◆ Input for this task ◆
"""
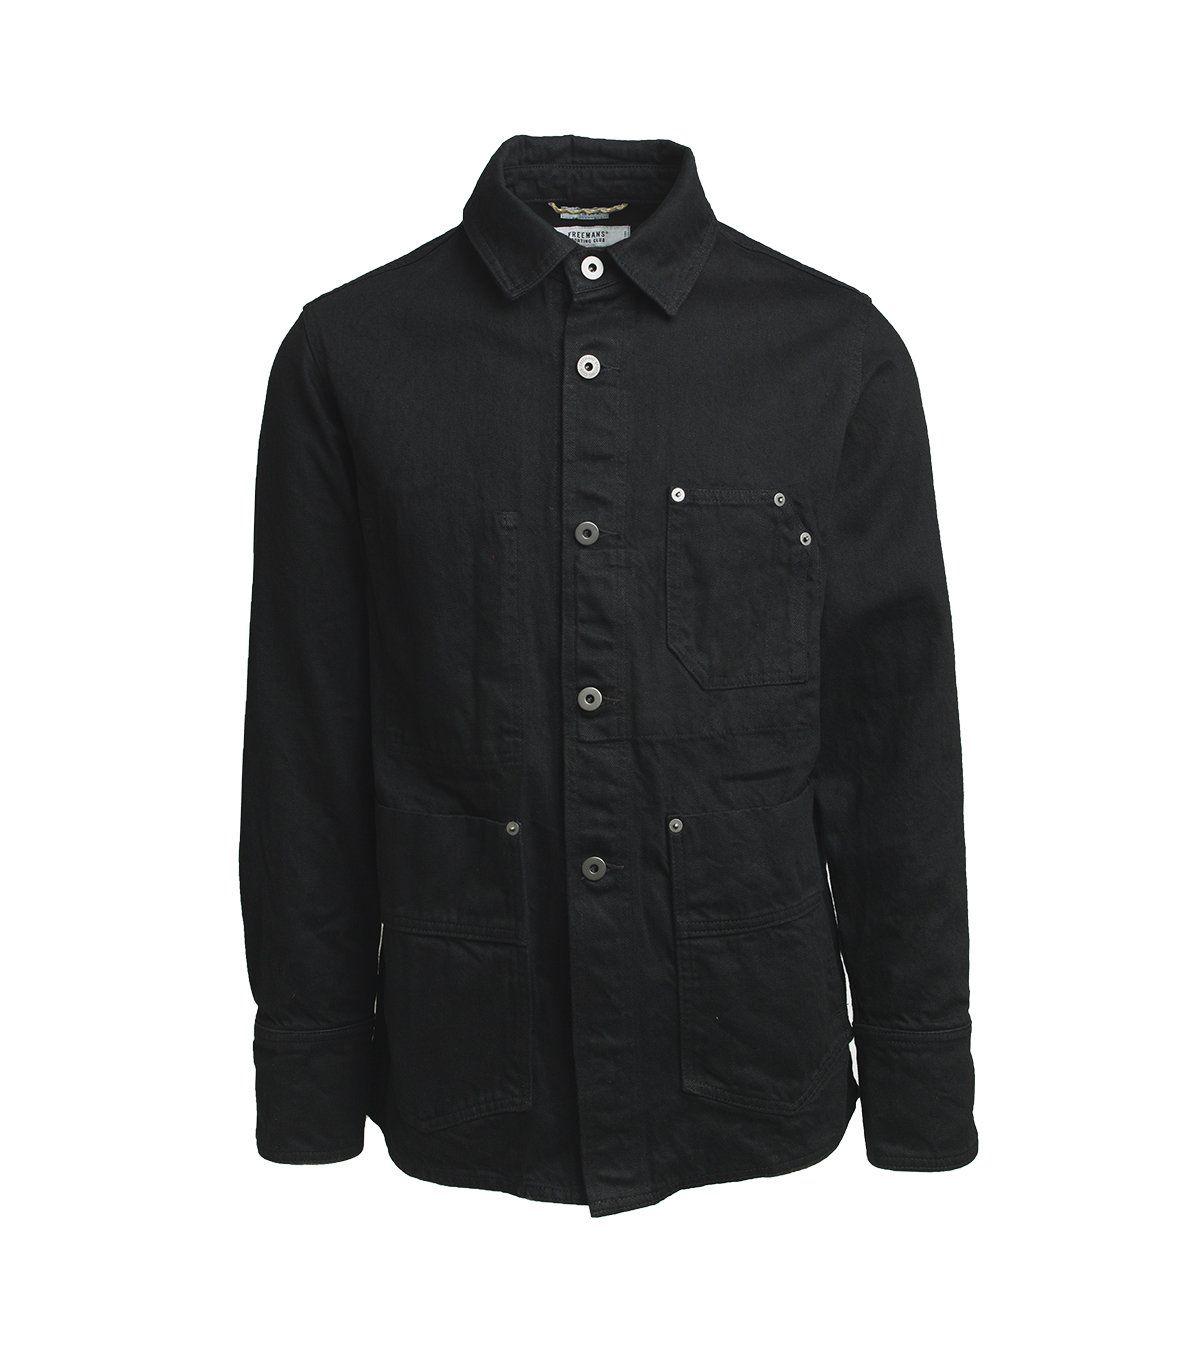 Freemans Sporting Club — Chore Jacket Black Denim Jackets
"""
"""
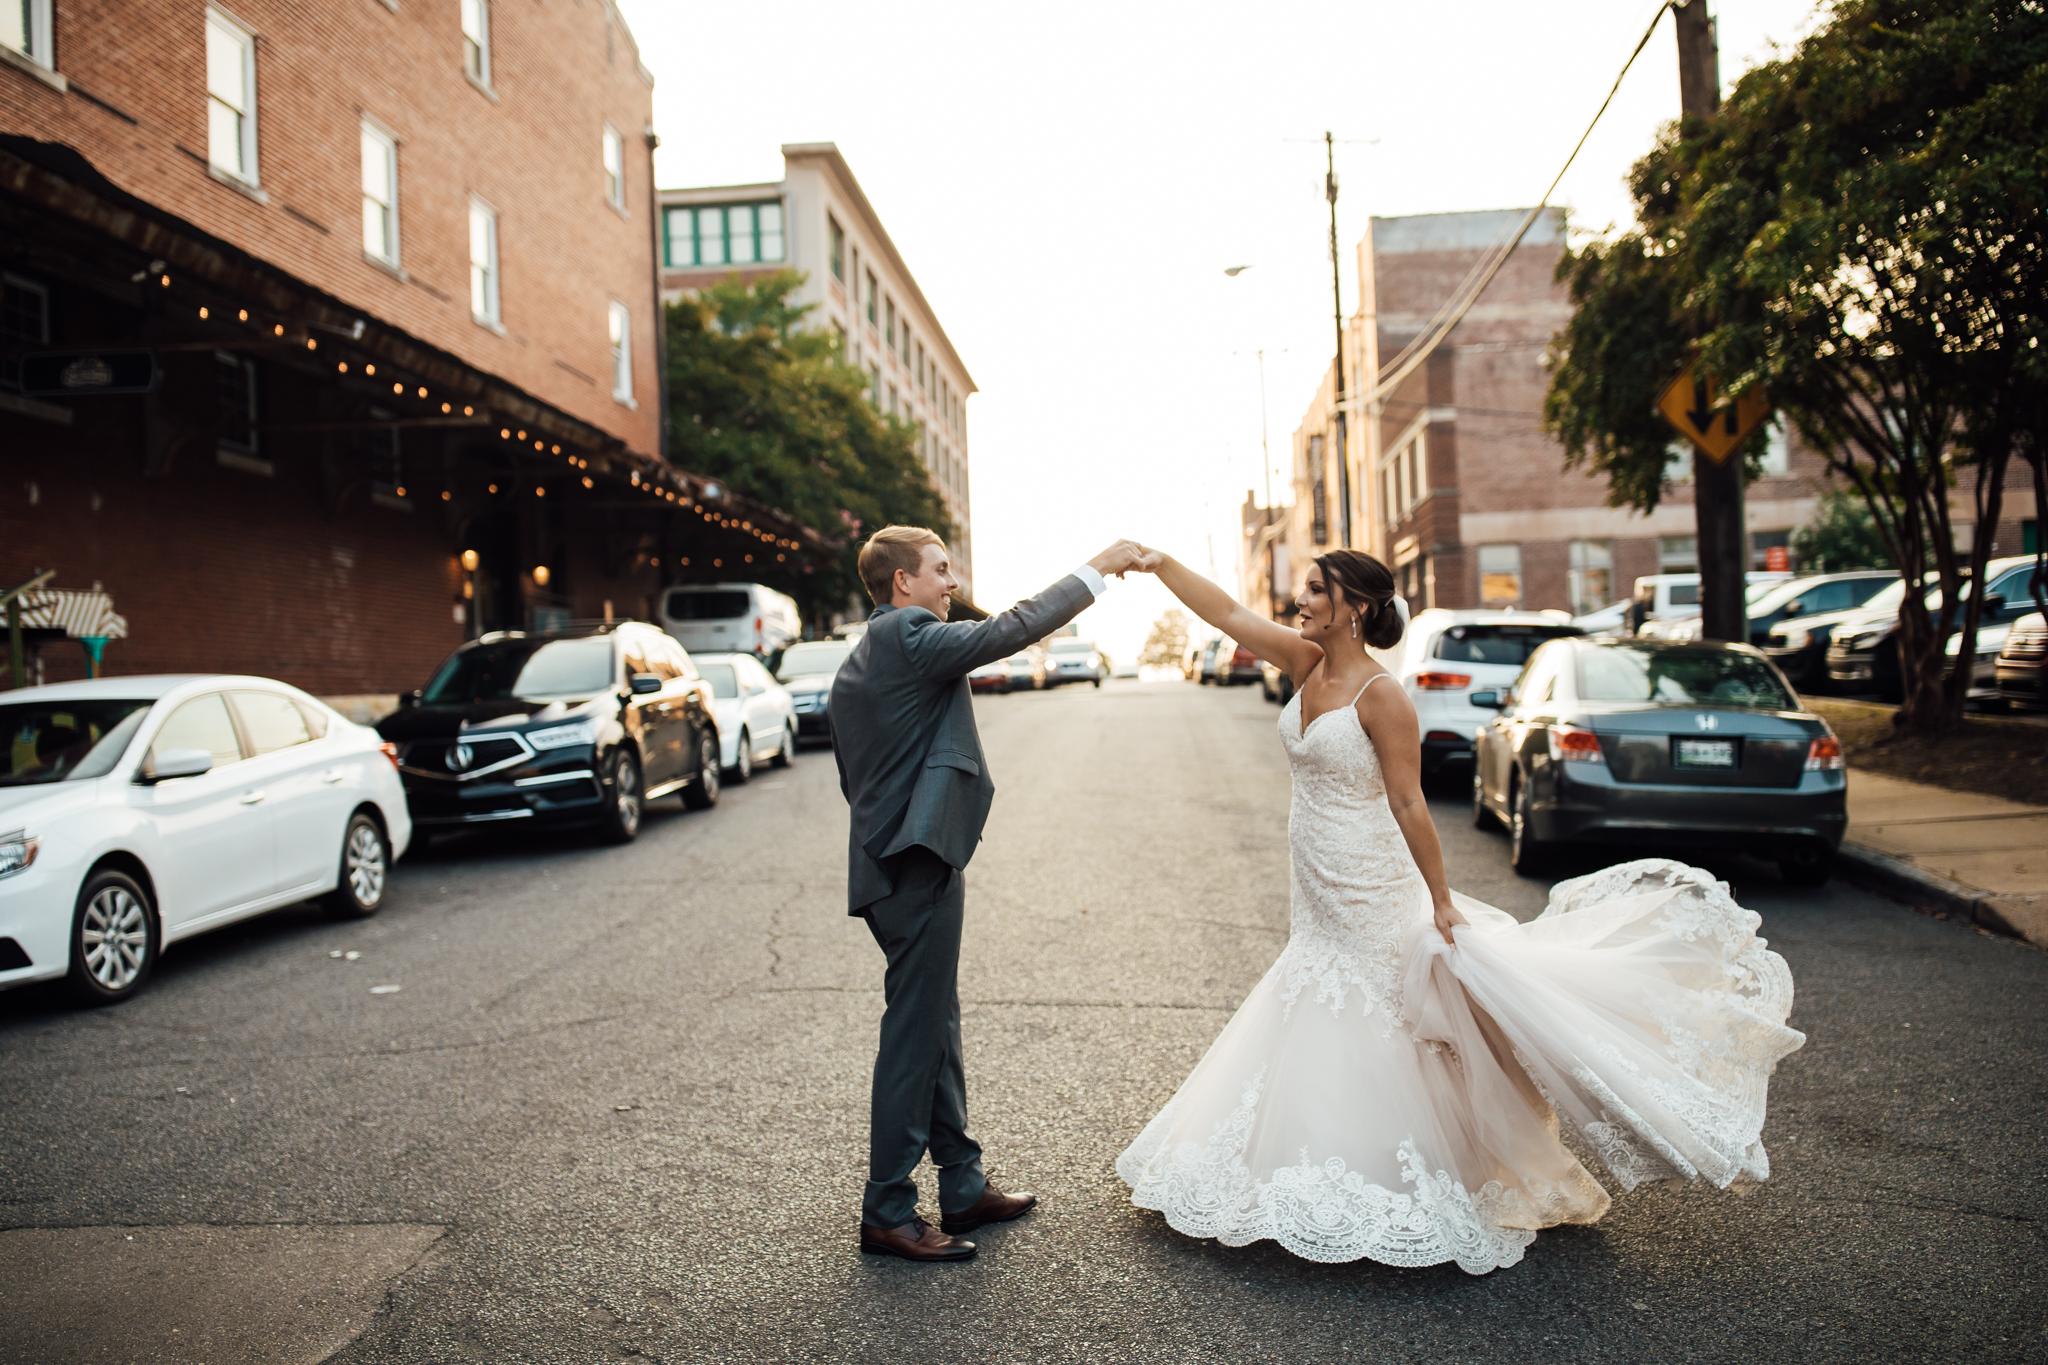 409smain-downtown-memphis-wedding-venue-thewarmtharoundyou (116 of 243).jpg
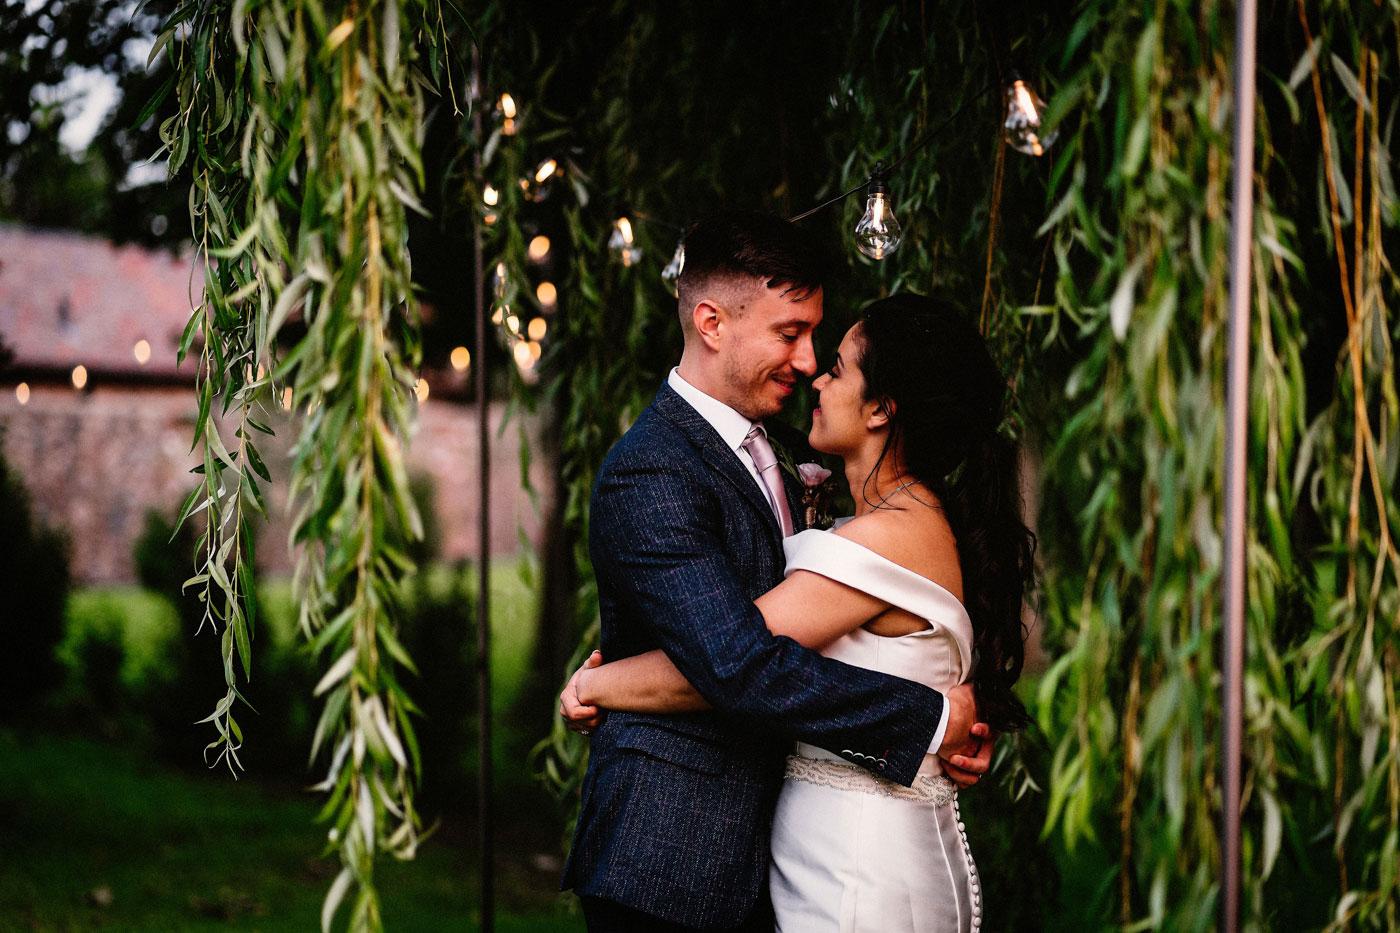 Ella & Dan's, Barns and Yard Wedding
"""
"""
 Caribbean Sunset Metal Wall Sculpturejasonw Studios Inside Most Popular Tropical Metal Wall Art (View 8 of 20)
"""
◆ Your instructions ◆
Leaving out the pictures, please output the lines in the entries above from the one with "(116 of 243).jpg" through the one with "Ella & Dan's, Barns and Yard Wedding", exactly as they are.

◆ Your solution ◆
 409smain-downtown-memphis-wedding-venue-thewarmtharoundyou (116 of 243).jpg
 Ella & Dan's, Barns and Yard Wedding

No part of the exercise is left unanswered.